匠に学び、稲の声を聞く「お米番付」第12回大会優秀賞:神田忍さん 品種:「ゆうだい21」

匠に学び、稲の声を聞く「お米番付」第12回大会優秀賞:神田忍さん 品種:「ゆうだい21」

最終更新日:2026-03-24

成分分析計を使わず、審査員の五感で選び抜かれる「お米番付第12回大会」。福島県耶麻郡猪苗代町の神田忍さんから出品された「ゆうだい21」が優秀賞に選ばれた。第10回大会での入賞から2年間、全国各地の生産者を訪ね歩き、おいしいお米づくりの技を磨いてきた神田さん。今回は、この2年間でどんなことを感じ、今年どんなことに取り組んできたか伺った。

悔しいの一言

優秀賞受賞の感想を尋ねると、神田さんの第一声は「正直、悔しいですよね」だった。「この2年間で自分なりに成長できたという実感がありました。だからこそ、今年こそ最優秀賞を受賞できるんじゃないかと期待してしまったんですよね」と苦笑する。

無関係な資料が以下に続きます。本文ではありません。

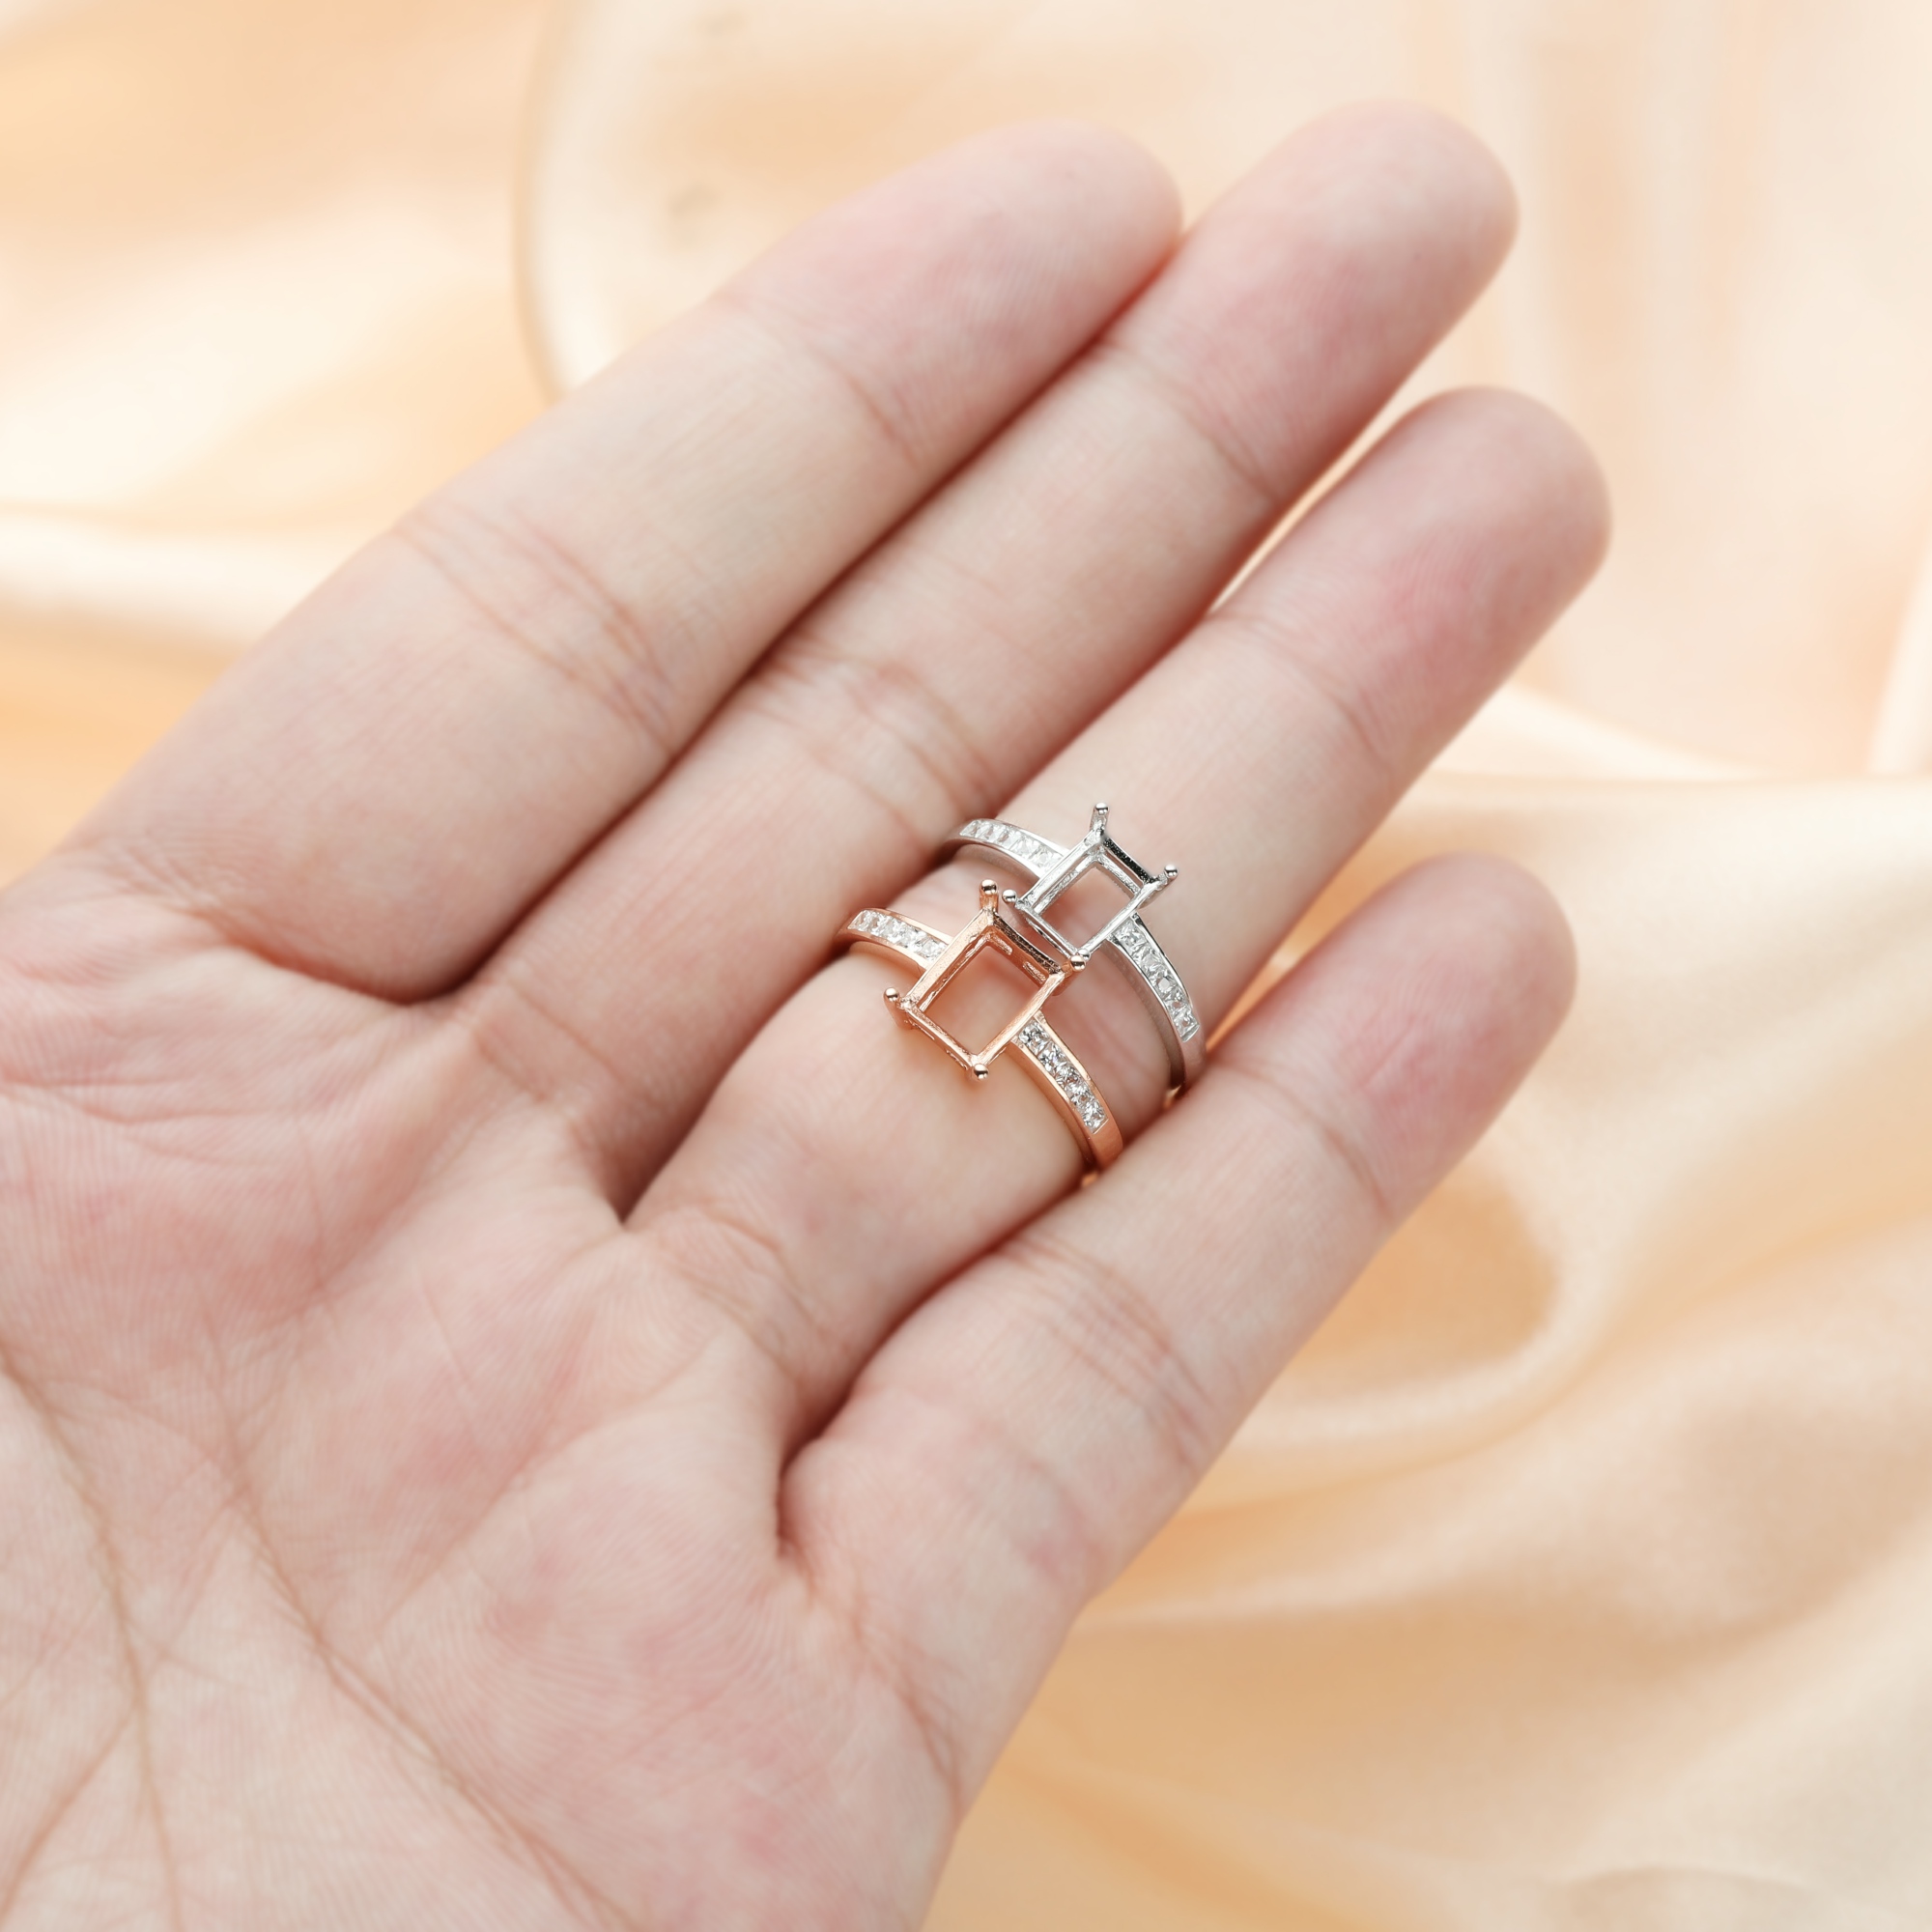 1Pcs Multiple Sizes Rectangle Rose Gold Silver Tiny Gems Cz Stone Prong Bezel Solid 925 Sterling Silver Adjustable Ring Settings 1294132 - Click Image to Close

最優秀賞には、山形県南陽市の黒澤拓真さんの「つや姫」が選ばれた。「負けるなら黒澤さんだろうなと思っていました」と神田さんは話す。神田さんにとっての黒澤さんは、目標として名前が挙がる生産者の一人だった。今回の授賞式で黒澤さんと初めて話すことができ、互いの田んぼを訪問し合う約束もしたそうだ。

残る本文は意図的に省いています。